Half.com / Books / Hobbies & Crafts / Search Results for 'router'

two of my favorites are below:

Half.com: Woodworking With the Router: Professional Router Techniques and Jigs Any Woodworker Can Use by Bill Hylton and Fred Matlack (1998, Paperback): Professional Router Techniques and Jigs Any Woodworker Can Use(9780762102273): Bill Hylton: Books

Half.com: The New Router Handbook by Patrick Spielman (1993, Paperback)(9780806905181): Patrick Spielman: Books


----------



## bobj3 (Jan 17, 2006)

Half.com: The New Router Handbook by Patrick Spielman (1993, Paperback)(9780806905181): Patrick Spielman: Books

http://product.half.ebay.com/_W0QQprZ581421

http://product.half.ebay.com/Router...illiam-H-Hylton-1999-Paperback/584608&tg=info

Sorry Doug just going for the 20,000 tag (posted items) b/4 the week end.. 

Your links are not working all the time, that's why I played with them   
=======


----------



## kp91 (Sep 10, 2004)

bobj3 said:


> Sorry Doug just going for the 20,000 tag (posted items) b/4 the week end..
> 
> 
> =======


No problem, Bob, you got to have goals......



Phil,

I didn't catch the UK location, I don't know if half is like ebay with a UK version as well. Hopefully they do.
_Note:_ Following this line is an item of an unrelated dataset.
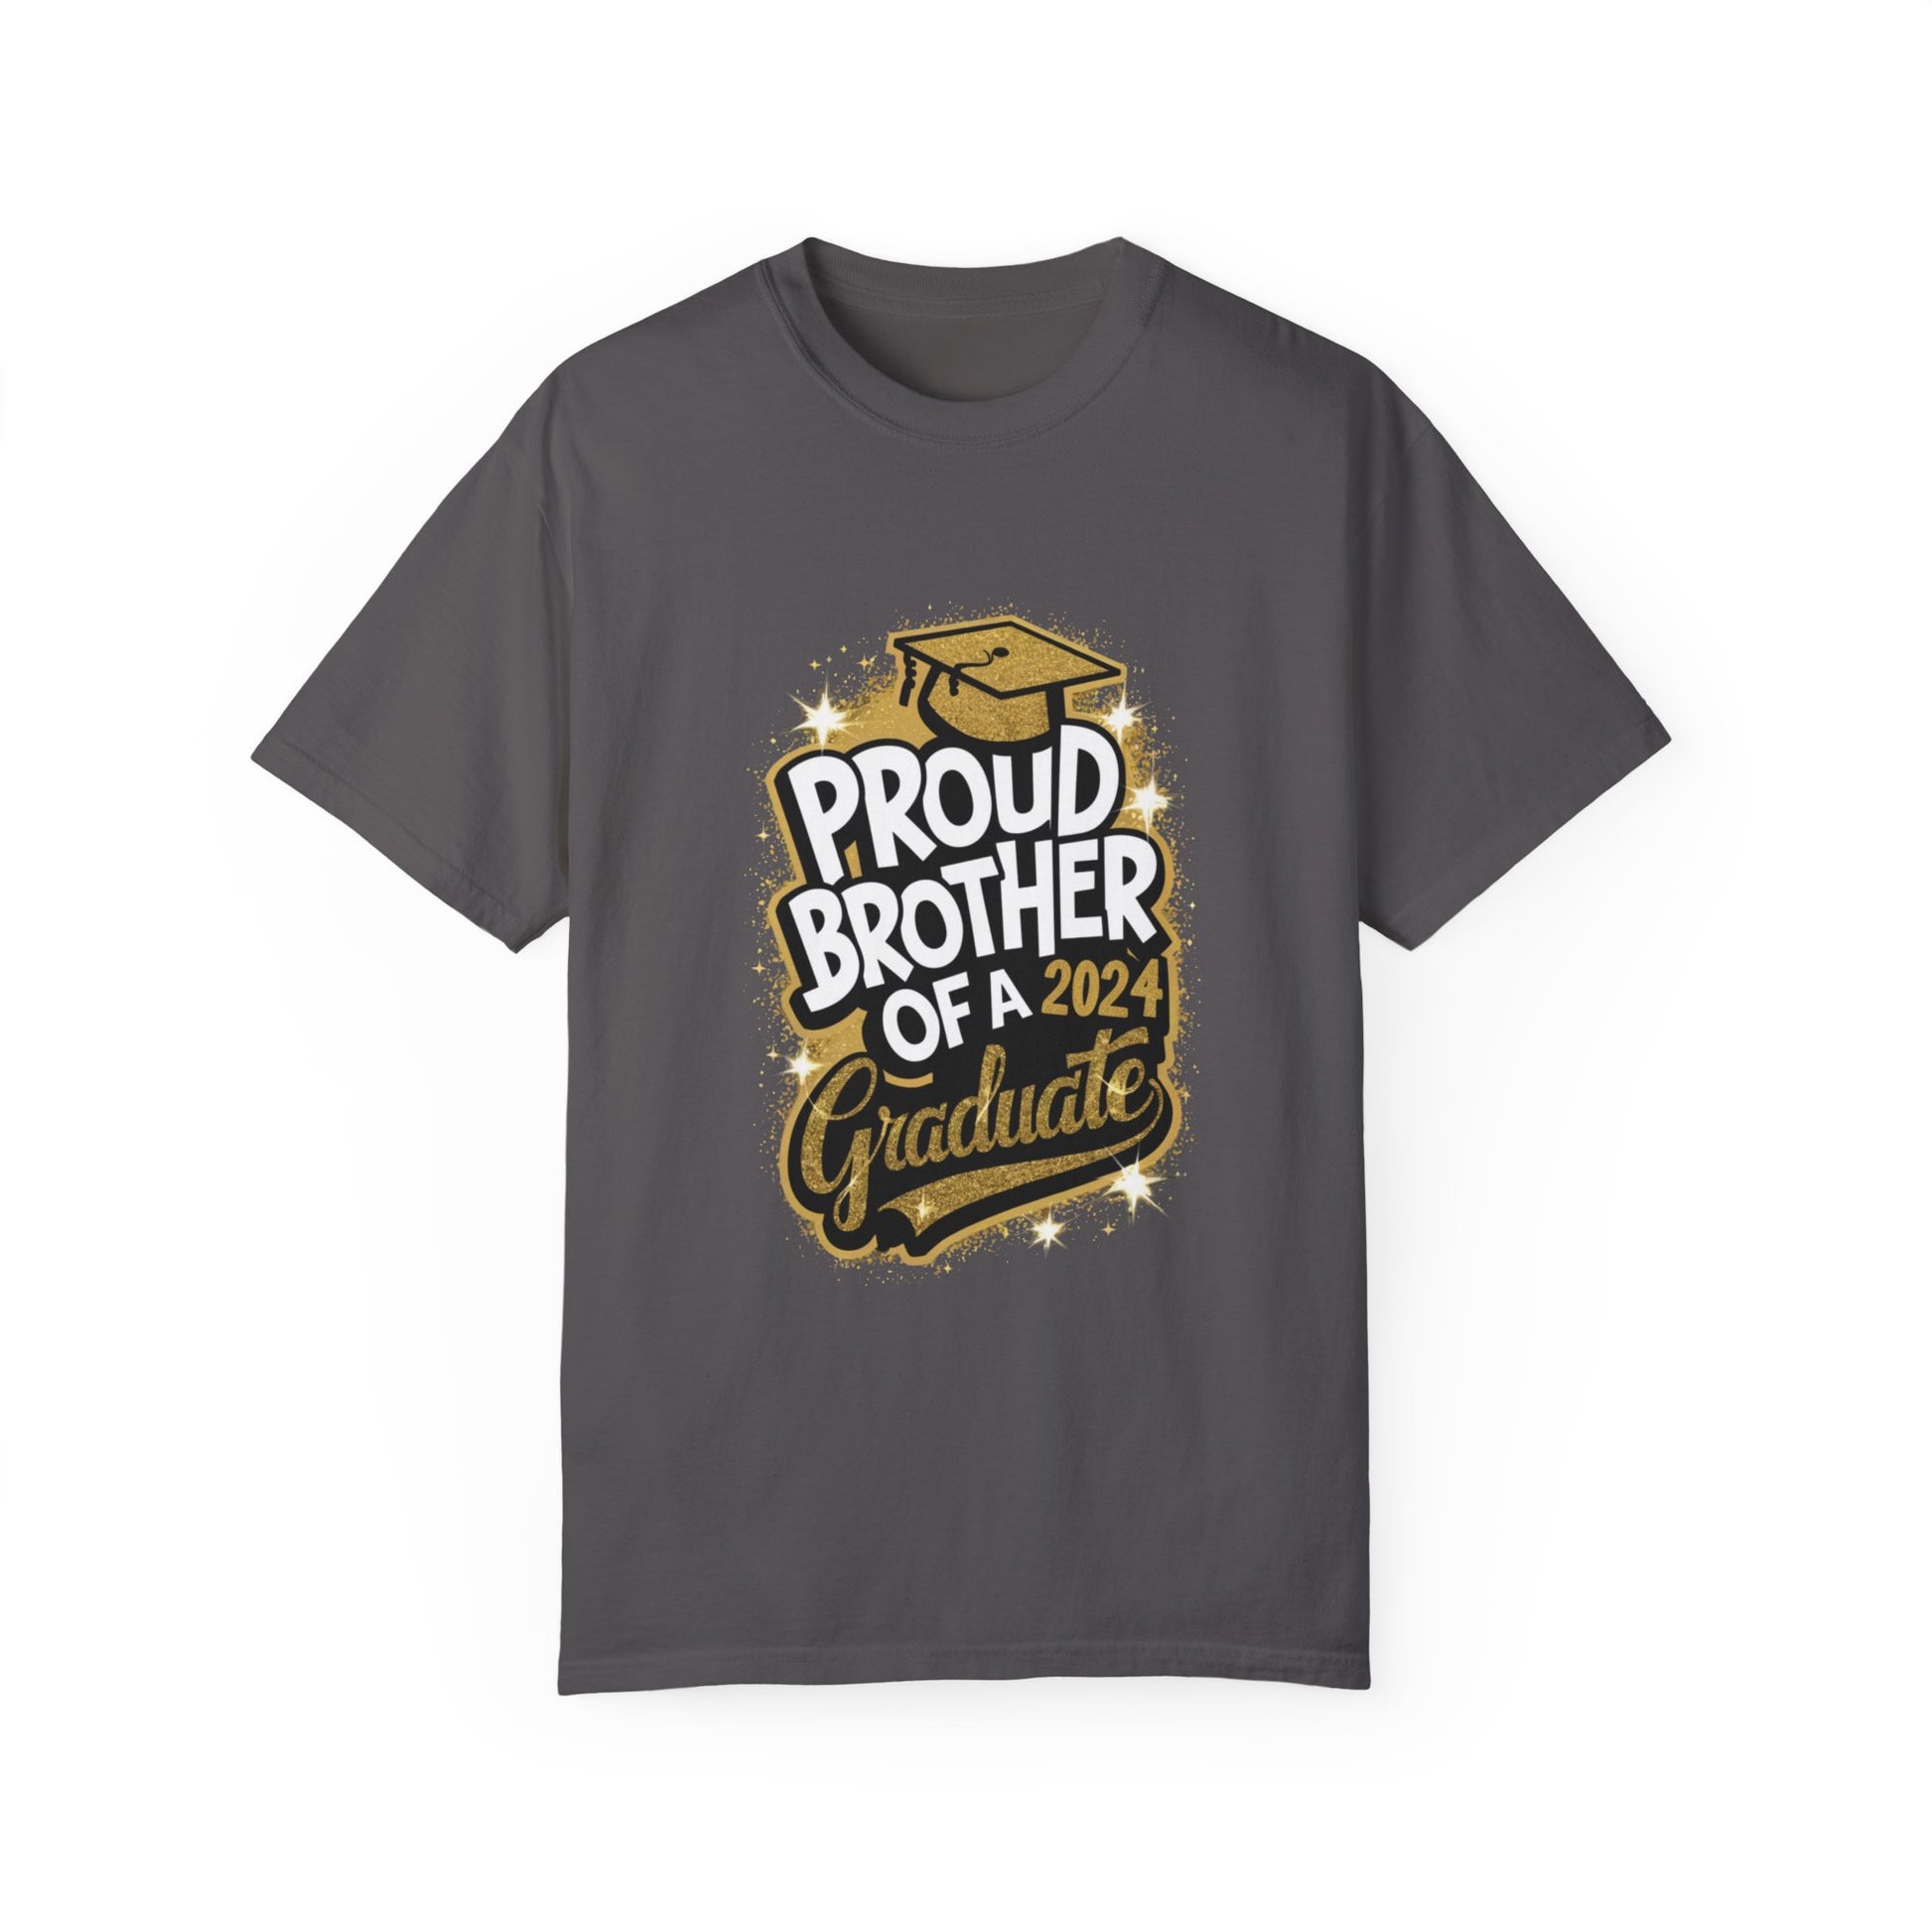 Proud Brother of a 2024 Graduate Unisex Garment-dyed T-shirt Cotton Funny Humorous Graphic Soft Premium Unisex Men Women Graphite T-shirt Birthday Gift-8

Here are some of the ebay uk listings

http://www.ebay.co.uk/sch/Books-Com..._Fiction&_fln=1&_ssov=1&_trksid=p3286.c0.m282


----------



## jw2170 (Jan 24, 2008)

G’day Phil

Welcome to the router forum. 

Thank you for joining us

I agree on the Bill Hylton books......


----------



## yogurtpot (Sep 12, 2011)

Thank you for welcome, James, and for advice from Brain and Doug. And K.I.S.S. is what I believe in. Some authors like to make it seem more complicated than necessary. And Bob J; glad you made it to 20,000 before the weekend and confirmed Doug's choice. Will let you know what I find. Thanks. Phil


----------



## xplorx4 (Dec 1, 2008)

Greetings and welcome to the router forums, we are glad to have you join us.


----------



## garycurtis (Sep 17, 2007)

Bill Hyland has a relatively new book, a re-issue of Woodworking with the Router, updated for the new equipment and with new photographs and illustrations. I'm reading it again now. The 2006 revised addition.

As for joints, I wish the there was a simple info source. I took a chance and bought a device called the WoodRat. It uses a router and acts like a vertical milling machine. It has its own complexities and takes time to learn. But there is no need for jigs. I wanted the ability to make lots of joints, and I got it. 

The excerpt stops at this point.